From the January 2010 Idaho Observer:

Criminal Law - Part VII: To Object and Preserve

The government builds a story against the accused through something called evidence. To help ensure an effective defense each individual ‘piece’ of evidence must be challenged. Prior to and during trial, anticipated evidence should be challenged - before the evidence is actually offered, through a motion filed ‘in limine’, meaning on the threshold or at the beginning: see Luce v. U.S., 469 U.S. 38, 40 n.2 (1984). A motion to suppress is one example.

Such a challenge would not ordinarily warrant appellate review unless facts supporting appeal were discoverable only after trial, i.e., u.S. v. McKenzie, 768 F.2d 602, 609 (5th eir. 1985), or an objection at trial would have been futile.

The first line of defense at trial is through raising an objection. Challenging evidence includes objecting to witness examination: Common objections are:

  1. Objections to the substance of the question: The attorney raising this objection is objecting to the answer the question calls for. Generally, the objection would be the witness is incompetent to answer, the answer is immaterial/irrelevant, the question calls for hearsay or an inadmissible response, there was insufficient foundation for the question or the question is beyond the scope of the direct examination.
  2. Objections to the question: The wording of a question may be objected to for being argumentative, misstating facts, assuming facts not in evidence, being misleading/vague, calling for speculation, or for leading. An attorney is not allowed to lead his own witness. This is to help ensure the sought for response is not suggested to the witness. The judge has great discretion regarding leading of witnesses. If a witness appears to be hostile to examination, the attorney may request the witness be labeled a ‘hostile witness’; in this case, leading questions are allowed. Leading questions are also used during cross examination to test witness credibility and statements made during direct examination.
  3. It can be difficult to take in everything happening at trial - tone of voice, questions, body language - and be able to object fast enough to stop the witness from answering. If this happens, the attorney must try to frame the objection as one ‘to the answer’. Generally, these objections are for unresponsiveness, an inadmissible opinion or hearsay.
  4. If an objection is untimely made, say, during the fourth day of trial for something occurring on the second day, the issue is preserved for appeal, but only for ‘plain error’ review. Plain-error is one that is clear or obvious and affects the substantial rights of the defendant; see U.S. v. Olano 507 U.S. 732-35 (1993), also, Johnson v. U.S., 520 U.S.461, 467 (1997).
  5. Further, let’s say you are at trial and feel something should be objected to but you aren’t exactly sure why - can you object? Yes. Would this objection preserve some sort of issue for appeal? Yes. A non-specific objection is preserved for plain-error review. See, U.S. v. Stewart, 306 F.3d 295, 312-13 (6th cir. 2002).

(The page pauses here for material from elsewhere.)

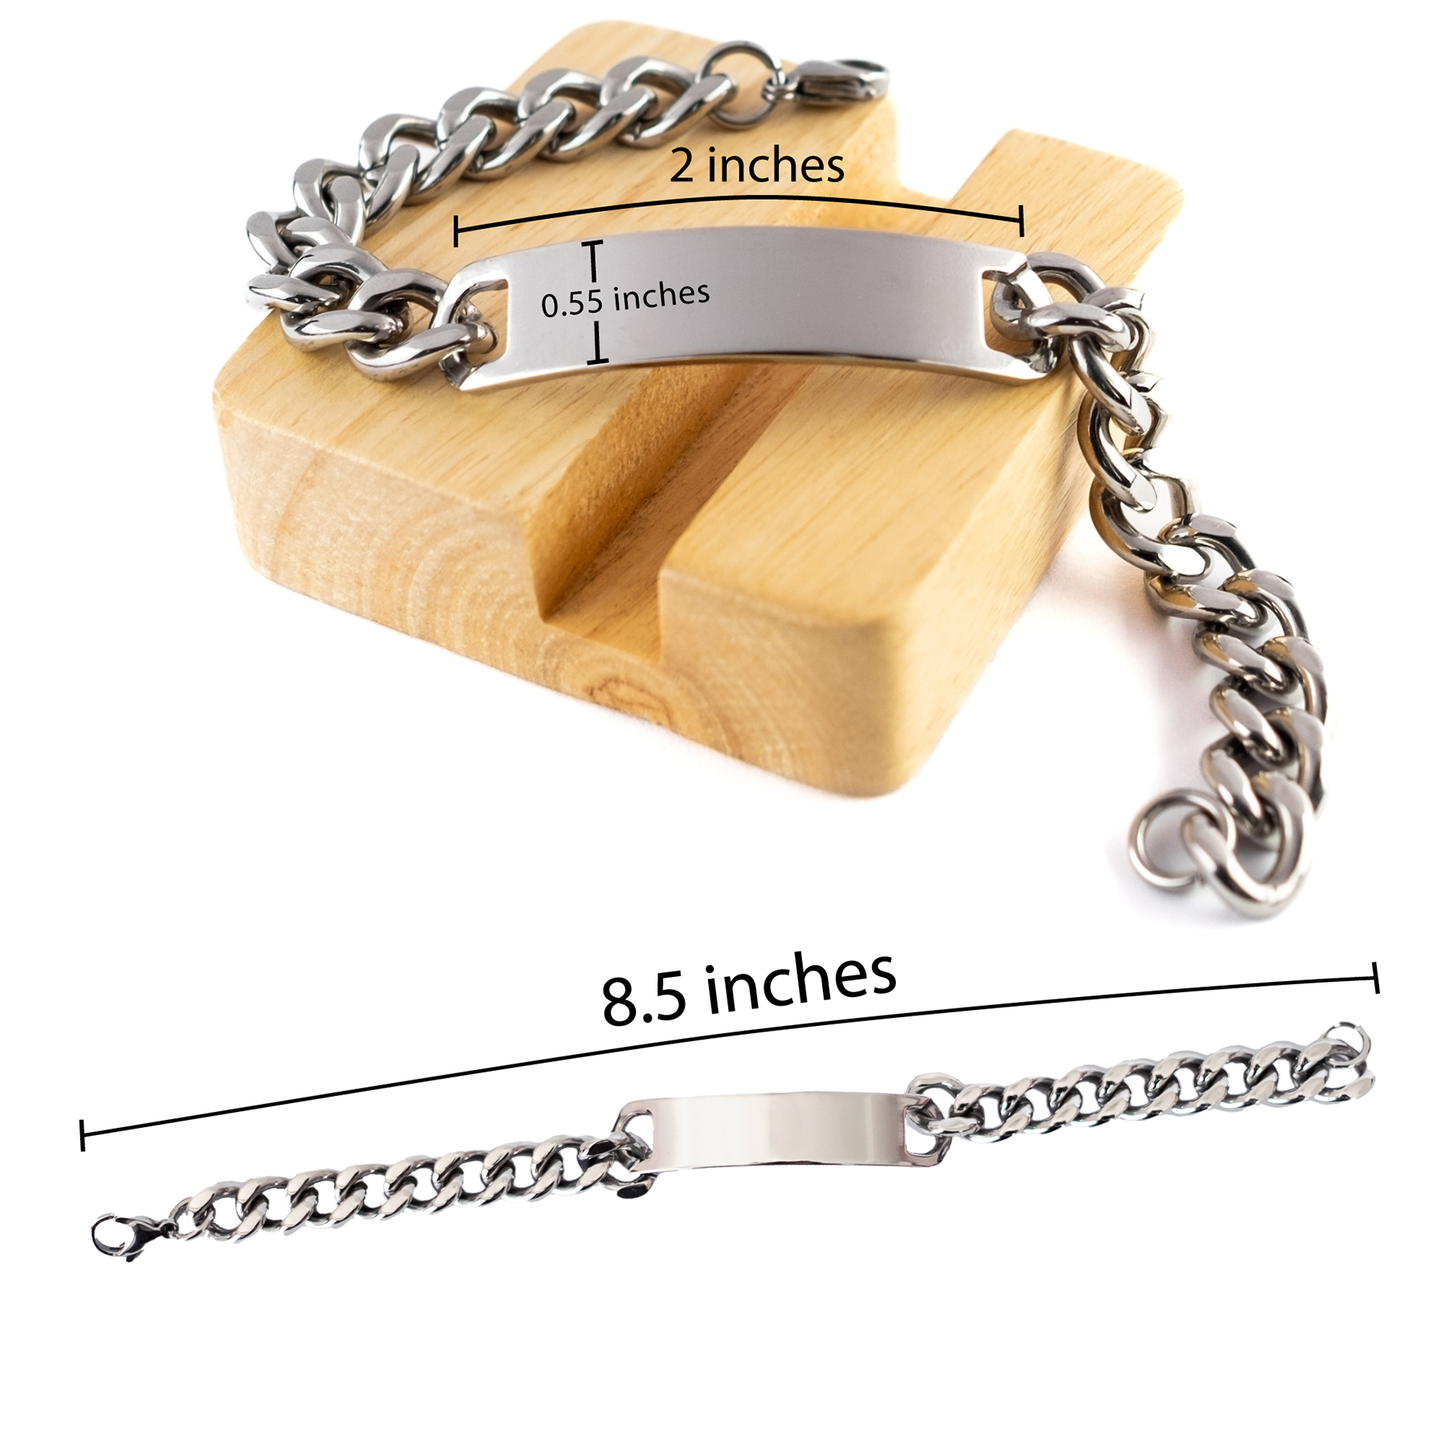 To My Grandpop Thank You Gifts, You are appreciated more than you know, Appreciation Cuban Chain Stainless Steel Bracelet for Grandpop, Birthday Unique Gifts for Grandpop

Though it is seen as a requirement under the’ contemporaneous objection rule’, see Turner v. Murray, 476 U.S. 28, 37 (1986), failure to object during trial doesn’t necessarily preclude raising the issue on appeal. This review would be limited to ‘plain-error’ review. Plain error review may occur if rights were not timely asserted, which is mere ‘forfeiture’, but may not occur if the right to review was ‘waived.’, see Olano, supra at 733.

A criminal trial is a serious matter regardless of whether the potential sentence is 30 days or life without parole. All evidence must be tested through objection. Doing so may save your life.